Последним утешением стали слезы. Оплакивая чужие страдания, забываешь собственные. Сентиментальная, чувствительная литература хлынула потоком. Герои новых песен и повестей томно вздыхали, рыдали, а при развязке то и дело кончали жизнь в пруду или иначе. Зачинателем этой моды стал Карамзин, но долго она не продержалась.
Вера в жизнь не умерла вместе с верой в разум. До революции молодые люди слишком хорошо умели радоваться жизни, чтобы потерять к ней вкус из-за душевных разочарований. Поэзия самоубийств оказалась им совершенно чужда. Если разобраться, события Французской революции мало кого коснулись, и крах разума поразил только тех, у кого он прежде пользовался почтением. Алексей Грибоедов в эти тяжелые годы был занят своими бедами. Вернувшись из армии, он влюбился в милую и томную соседку, княжну Александру Одоевскую, и женился на ней в апреле 1790 года. В следующем году, родив дочь Елизавету, его жена умерла. Оставаясь в деревне во все время траура, Алексей Федорович с горя ввязался в давнюю тяжбу с соседом Лыкошиным по поводу постройки приходского храма в имении последнего. Борьба была тем упорнее, чем бессмысленнее. И на сей раз, не в пример отцу, Грибоедов проиграл.
Сестры его еще легче приняли произошедшие перемены. О политике они и не думали, но с удовольствием прочли чувствительную историю о «Бедной Лизе», и так как были тогда молоды и своих горестей у них не было, то и поплакали над печальной судьбой влюбленной поселянки и всех последовавших за ней «Бедных Маш», «Саш» и прочих. Они совершенно поверили Карамзину и, как многие московские барышни, начали ездить к пруду у Симонова монастыря, куда бросилась с отчаяния Лиза. Не только девицы, но и солидные мужи весьма одобряли карамзинские повести. Всем хотелось плакать, но приличнее было плакать над выдумкой, чем над правдой жизни.

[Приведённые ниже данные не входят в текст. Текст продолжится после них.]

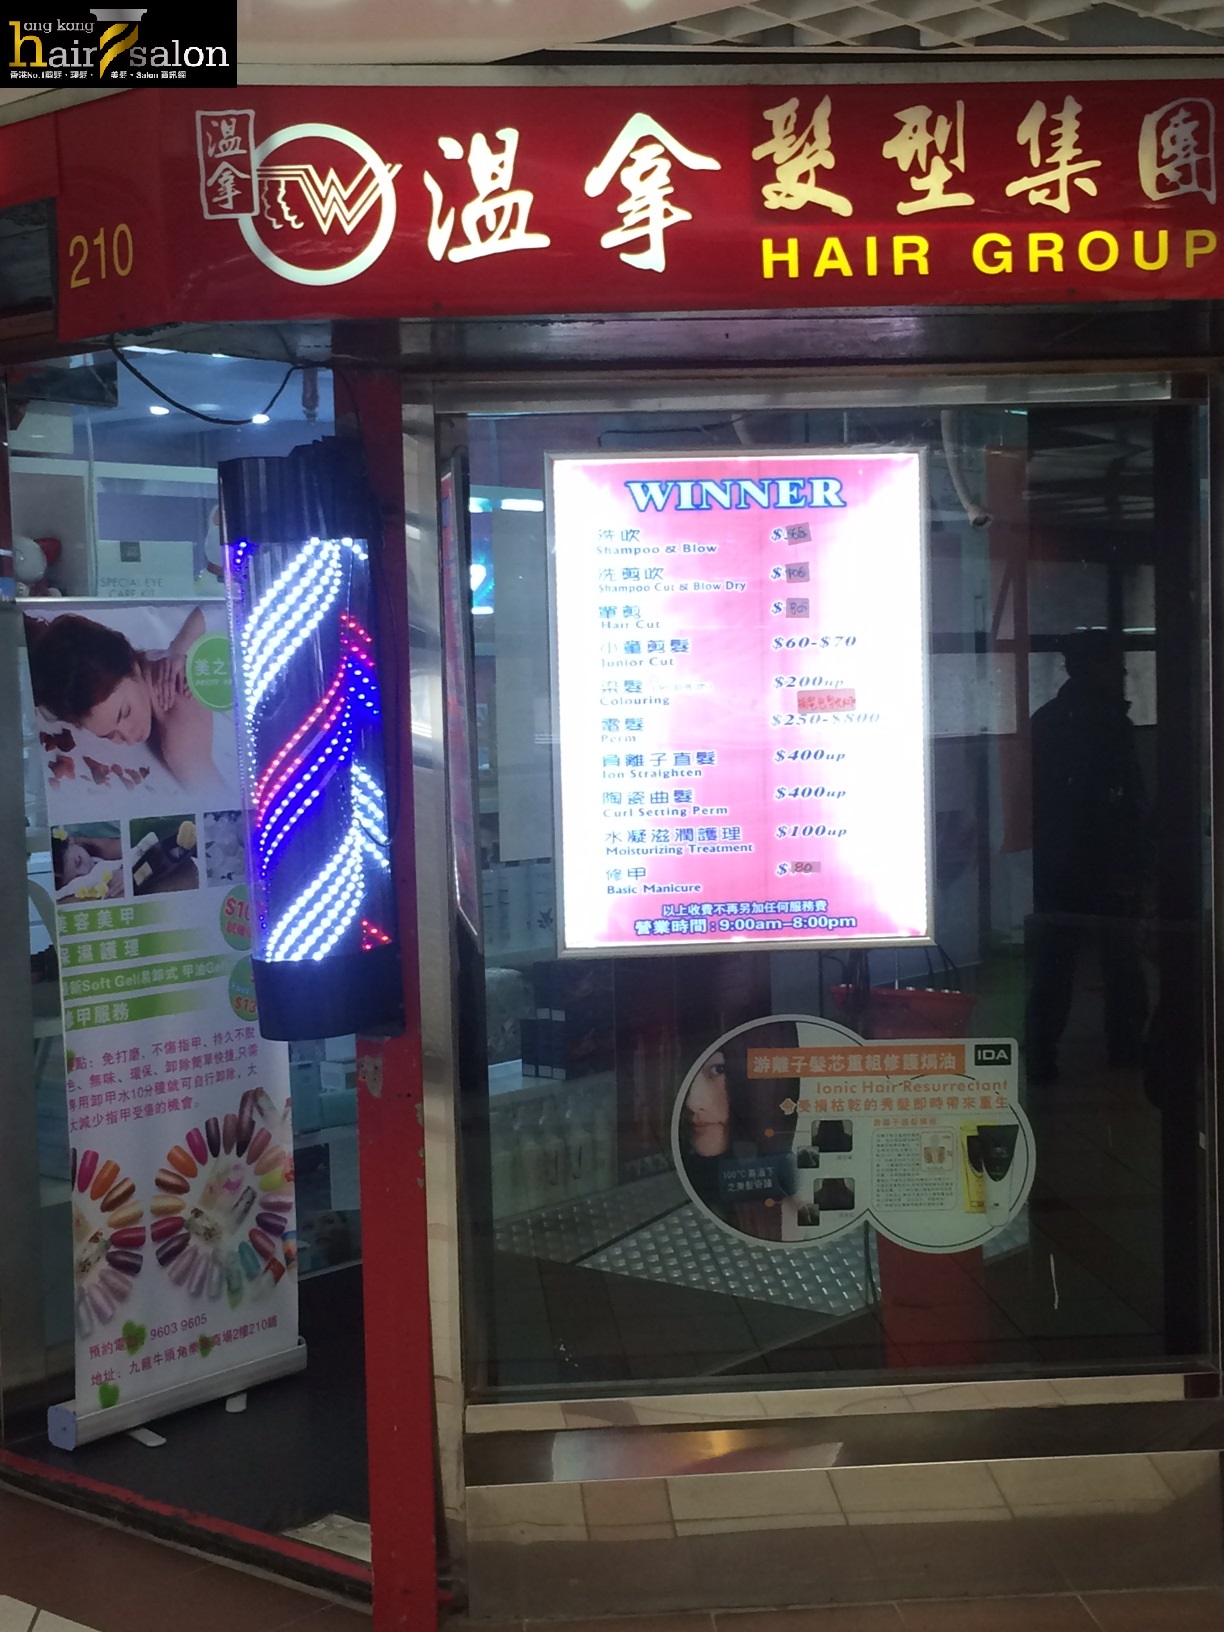 髮型屋: 溫拿髮型集團 Hair Group

Даже те, кто не читал ничего, кроме придворного адрес-календаря, осознавали, что общество изменилось. Настало «время молчати». Неопытные юноши и немолодые люди, многое пережившие, отступали бессильно перед новыми веяниями. Сам великий Державин, еще недавно яростно клеймивший недостойных «властителей и судей», делая вид, что всего лишь переводит псалом Давида, хотя бы и ставший гимном якобинцев:
Цари! Я мнил, вы боги властны, Никто над вами не судья, Но вы, как я подобно, страстны, И так же смертны, как и я. И вы подобно так падете, Как с древ увядший лист падет! И вы подобно так умрете, Как ваш последний раб умрет!Державин спустился с высот, начал шутя высмеивать своих товарищей-сенаторов:
Осел останется ослом, Хотя осыпь его звездами; Где должно действовать умом. Он только хлопает ушами.а потом и вовсе скрылся в свою деревню и принялся воспевать восторги вкусного обеда:
Багряна ветчина, зелены щи с желтком. Румяно-желт пирог, сыр белый, раки красны. Что смоль, янтарь-икра, и с голубым пером Там щука пестрая — прекрасны!или мягкого пухового дивана:
Вздремли после стола немножко, Приятно часик похрапеть: Златой кузнечик, сера мошка Сюда не могут залететь.И вместо великих мужей и самой императрицы начал восхвалять… комара! А многие вовсе перестали творить; но не только страх перед заточением или ссылкой заставил их отложить перо — они сами не понимали, о чем писать, чем заполнить душевную пустоту, чем заняться и надо ли вообще что-то делать?..
Годы спустя те, кто сумел пережить гибель века Просвещения, открыли новый интерес к жизни. И. А. Крылов обрел себя в иносказательном бичевании пороков — в баснях. Н. М. Карамзин временно нашел прибежище в исторических трудах, хотя под конец и в них разочаровался. Те же, кто был слабее волей или разумом, так и остались в 1794 году. Они всё еще были молоды, вся жизнь их была впереди, но отыскать себе дело они не сумели. Души их умерли со смертью их века, и в новый век они внесли только мудрое неверие в разум да горькое сознание бесплодности человеческих мечтаний. Для них «время молчати» наступило навсегда.